Kesalahan Marc Marquez yang Menyebabkan Tabrakan dengan Fabio Di Giannantonio
Pembalap Ducati Lenovo, Marc Marquez, mengakui kesalahannya setelah menjatuhkan pembalap Valentino Rossi di Sprint MotoGP Amerika 2026. Insiden ini terjadi pada balapan Sprint di Circuit of the Americas (COTA) pada Minggu (29/3/2026) dini hari WIB.
Pada lap pembuka, Marquez melakukan manuver yang terlalu berani. Situasi bermula pada tikungan pertama, di mana tindakan Marquez membuat Fabio Di Giannantonio, pembalap dari tim Valentino Rossi, melebar. Diggia kemudian membalasnya pada tikungan ketujuh dengan manuver yang mengejutkan Marquez.
Tidak lama setelah itu, kedua pembalap bertabrakan akibat ulah Marquez yang mencoba menyalip dari sisi dalam. The Baby Alien kehilangan kendali di lingkar dalam dan menabrak motor Di Giannantonio. Akibatnya, Marquez harus menerima hukuman long lap penalty saat balapan utama malam ini.
Penjelasan Marc Marquez tentang Kronologi Kecelakaan
Marquez mengungkapkan bahwa kesalahan yang dilakukannya tidak disengaja. Ia menyatakan bahwa di Tikungan 12, ia tidak memperhitungkan dengan baik slipstream dari tiga motor di depan. “Jelas, saya melakukan kesalahan besar,” kata Marquez.
Ia menjelaskan bagaimana situasi berlangsung. “Ketika saya mulai mengerem, dalam sekejap bagian belakang mobil saya tergelincir, tetapi kemudian bagian depan mulai terkunci. Saya mencoba mencari cara untuk keluar dari situasi itu.”
Namun, melaju ke sisi luar tidak mungkin. Marquez mencoba melompat masuk dan berbelok ke sisi luar lintasan, tetapi ketika ia berada di titik puncak tikungan, ada sedikit perubahan kemiringan. “Saya kehilangan kendali bagian depan dan sayangnya pembalap lain mengalami kecelakaan bersama saya,” jelasnya.

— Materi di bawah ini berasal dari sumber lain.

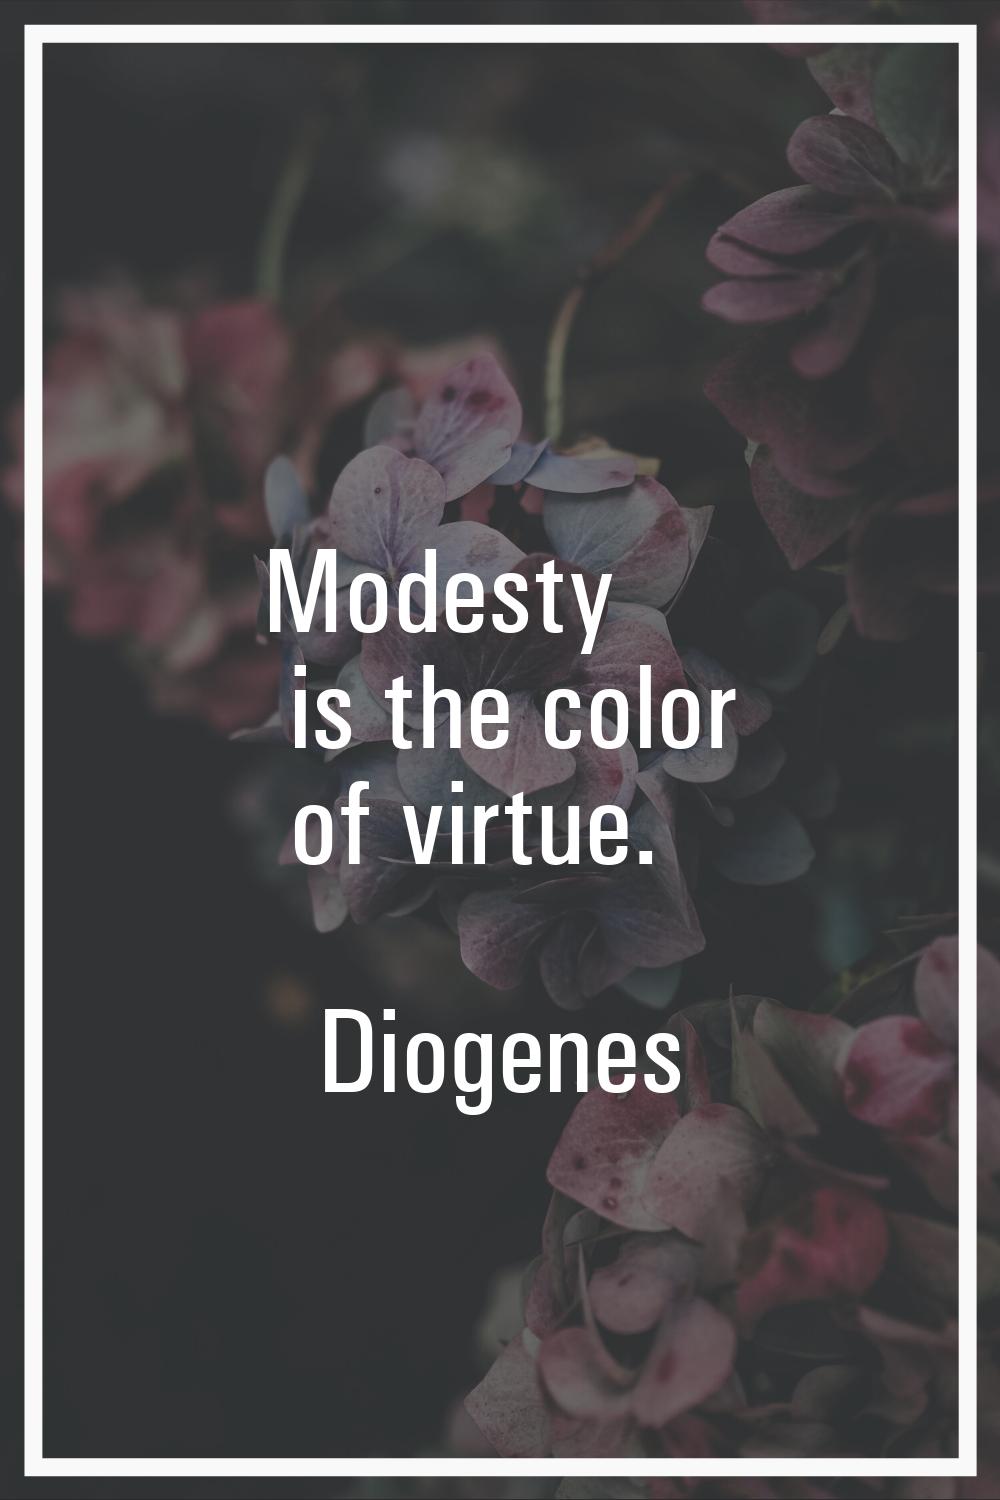 Modesty is the color of virtue.

Kesadaran Marquez atas Kesalahan yang Dilakukan
Marquez sadar diri bahwa dirinya pantas mendapat hukuman atas kesalahan tersebut. “Saya belum tahu hukumannya (untuk saat ini), tapi saya harus mendapat hukuman, karena aturannya memang seperti ini.”
Ia juga menyatakan bahwa hari ini ia melakukan kesalahan dan menghancurkan balapan Sprint pembalap lain. “Jadi saya setuju dengan hukuman apa pun yang mereka berikan kepada saya.”

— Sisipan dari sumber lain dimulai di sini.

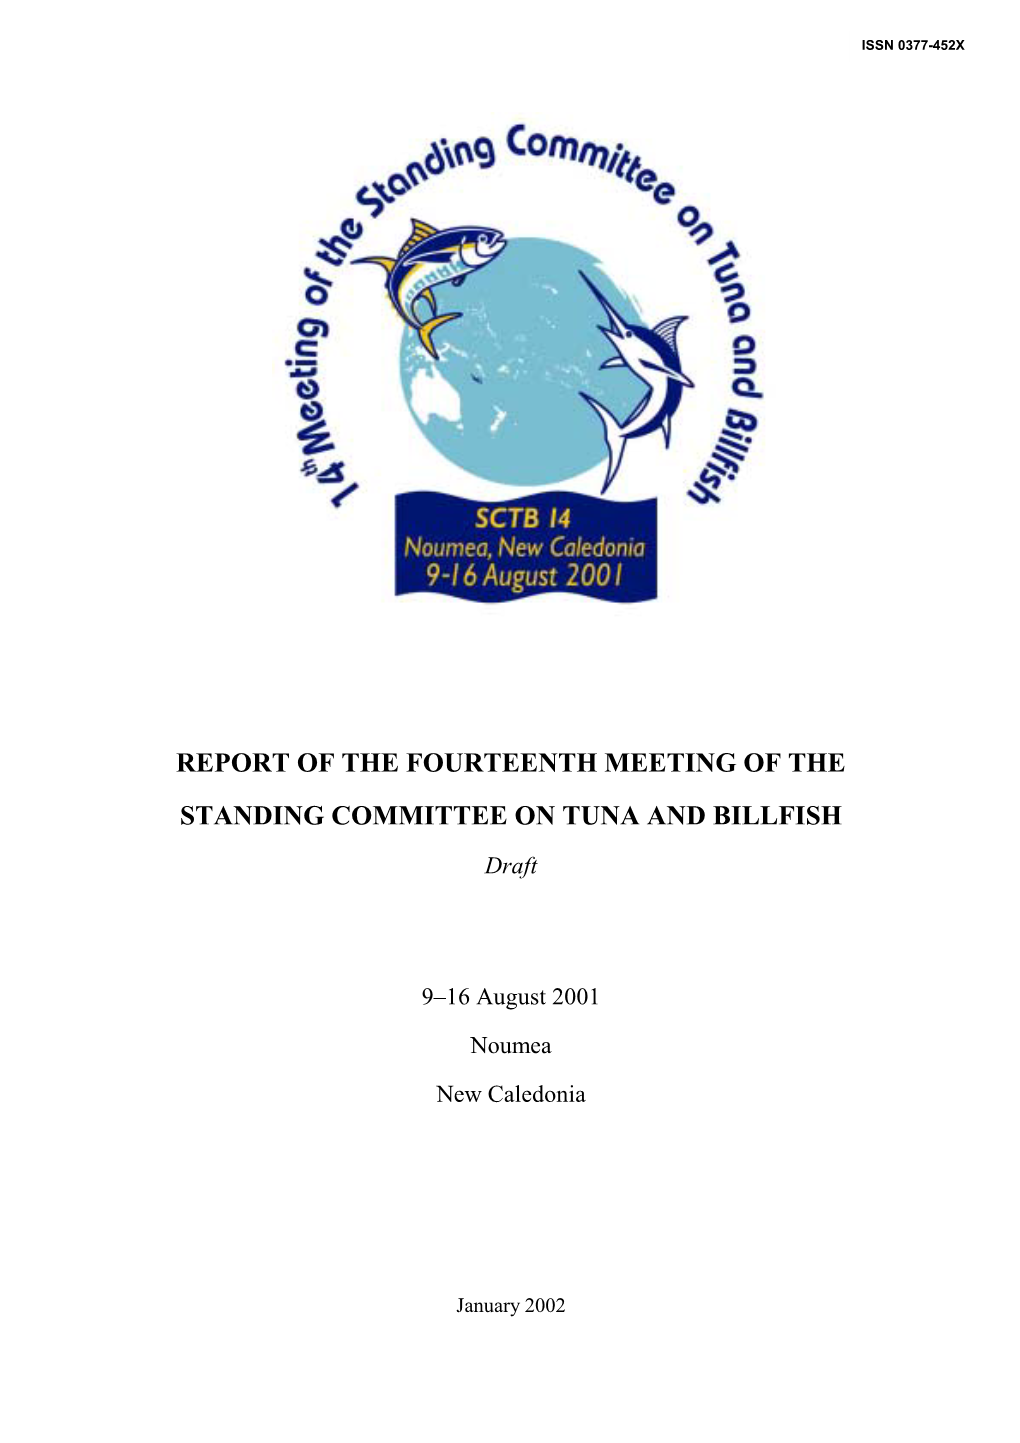 Report of the Fourteenth Meeting of the Standing Committee on Tuna and Billfish

Meskipun demikian, Marquez tetap fokus pada balapan utama. “Kami tidak memiliki kecepatan yang cukup, jadi saya hanya akan mencoba untuk melakukan start yang baik dan mencoba untuk menjalani balapan kami,” ujarnya.
Bantahan Terhadap Isu Pembalasan terhadap Diggia
Marquez membantah soal upaya pembalasan terhadap Diggia. “Saya tidak berpikir untuk menyerang, karena saya tahu Diggia memiliki kecepatan yang bagus untuk berada di depan.”
Ia menegaskan bahwa rencananya bukan menyerang. “Saya hanya tidak punya pilihan. Saya tidak bisa mengerem dengan baik karena tertimbun slipstream dari tiga motor di depan.”
Tanggapan Fabio Di Giannantonio dan Race Direction
Juara bertahan MotoGP itu sudah menyampaikan permohonan maaf secara langsung kepada Diggia sesaat setelah balapan. Meskipun Diggia sepertinya belum rela dengan perilaku Marquez, ia mengakui bahwa ia mengerti perasaan Diggia.
“Saya mengerti dia, dan saya hanya bisa meminta maaf,” tuturnya. Diggia yang ditanya soal keputusan Race Direction hanya bisa pasrah. Menurutnya, hukuman long lap penalty pantas untuk Marquez.
Pembalap tim VR46 itu hanya ingin fokus pada performanya saat balapan utama nanti. “Saya seorang pembalap. Para steward ada di sana untuk menjalankan tugas mereka,” kata Diggia. “Saya sepenuhnya menghormati pilihan mereka, jadi tidak apa-apa bagi saya. Saya hanya terlalu fokus pada diri saya sendiri,” pungkasnya.
Pembalap Lain Juga Terkena Penalti
Selain Marquez, dua pembalap lain juga terkena penalti yakni Marco Bezzecchi dan Luca Marini karena dianggap menghalangi Marquez saat kualifikasi.